20 December 2013

THE MORAL CASE FOR REPARATIONS FOR SLAVERY

Sir Ronald Sanders

On Friday 18th October, Sir Ronald Sanders featured on a three-man panel at a public symposium at Senate House, University of London on 'Slavery and Reparations".   Also on the panel was Dan Leader one of the lawyers in the UK firm Leigh Day that represented Kenyan Mau Mau victims in their legal case against the UK government, and Professor Philip Murphy, Director of the Institute of Commonwealth Studies and Author,  Sir Ronald's presentation follows.

In 1838, British slave owners in the English-Speaking Caribbean received £11.6 billion in today’s value as compensation for the emancipation of their “property” – 655,780 human beings of African descent that they had enslaved and exploited, and, in many cases, brutalised.
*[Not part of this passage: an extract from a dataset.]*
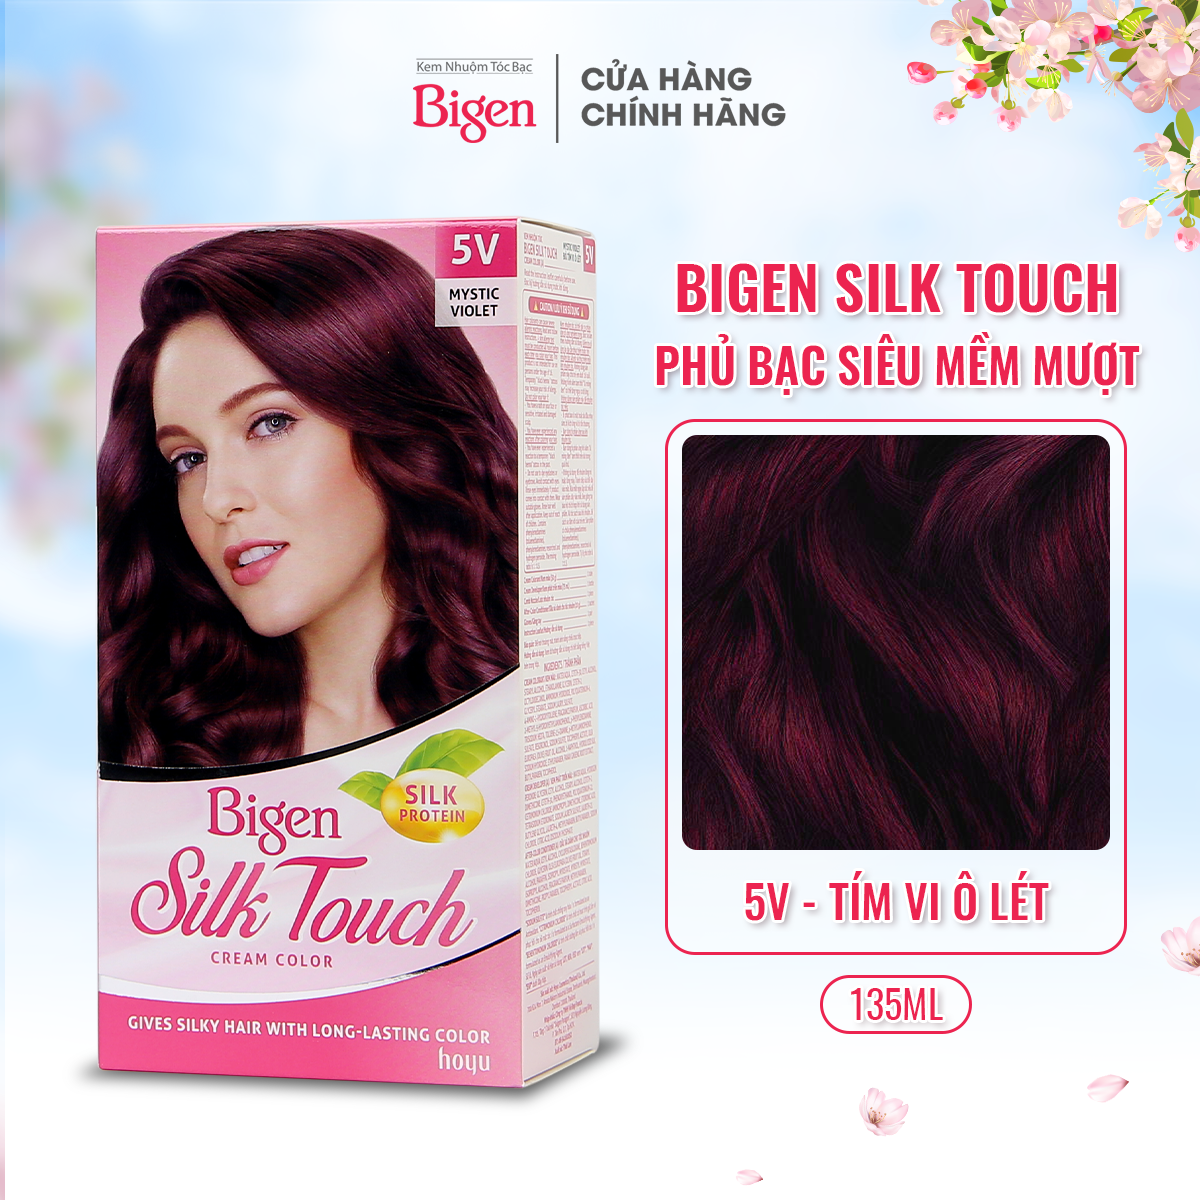 Thuốc nhuộm phủ bạc Bigen Silk Touch phủ bạc hoàn toàn, dưỡng tóc mềm mượt 80ml dạng kem-Đỏ Tím Violet 5V

The freed slaves, by comparison, received nothing in recompense for their dehumanisation, their cruel treatment, the abuse of their labour and the plain injustice of their enslavement.

This is the basis on which 14 governments of the member-states of the Caribbean Community (CARICOM) believe there is a case for reparations.

Reparations debate not new

The Caribbean governments are targeting the governments of Britain, France and the Netherlands even though the initiator of the Atlantic slave trade was Portugal followed closely by Spain.

Indeed, while Britain passed legislation to end the slave trade in 1807 – almost three hundred years after it started – and to abolish slavery in 1838, the Spanish and Portuguese kept their trade alive, exploiting African slave labour for their economic benefit until the second half of the 19th Century.

The reason that the 14 governments are tackling only Britain, France and the Netherlands is that these three were their colonial masters responsible for slavery in these particular jurisdictions.

The issue of reparations for slavery is, of course, not new. It has been discussed for years.

READ FULL ANALYSIS HERE .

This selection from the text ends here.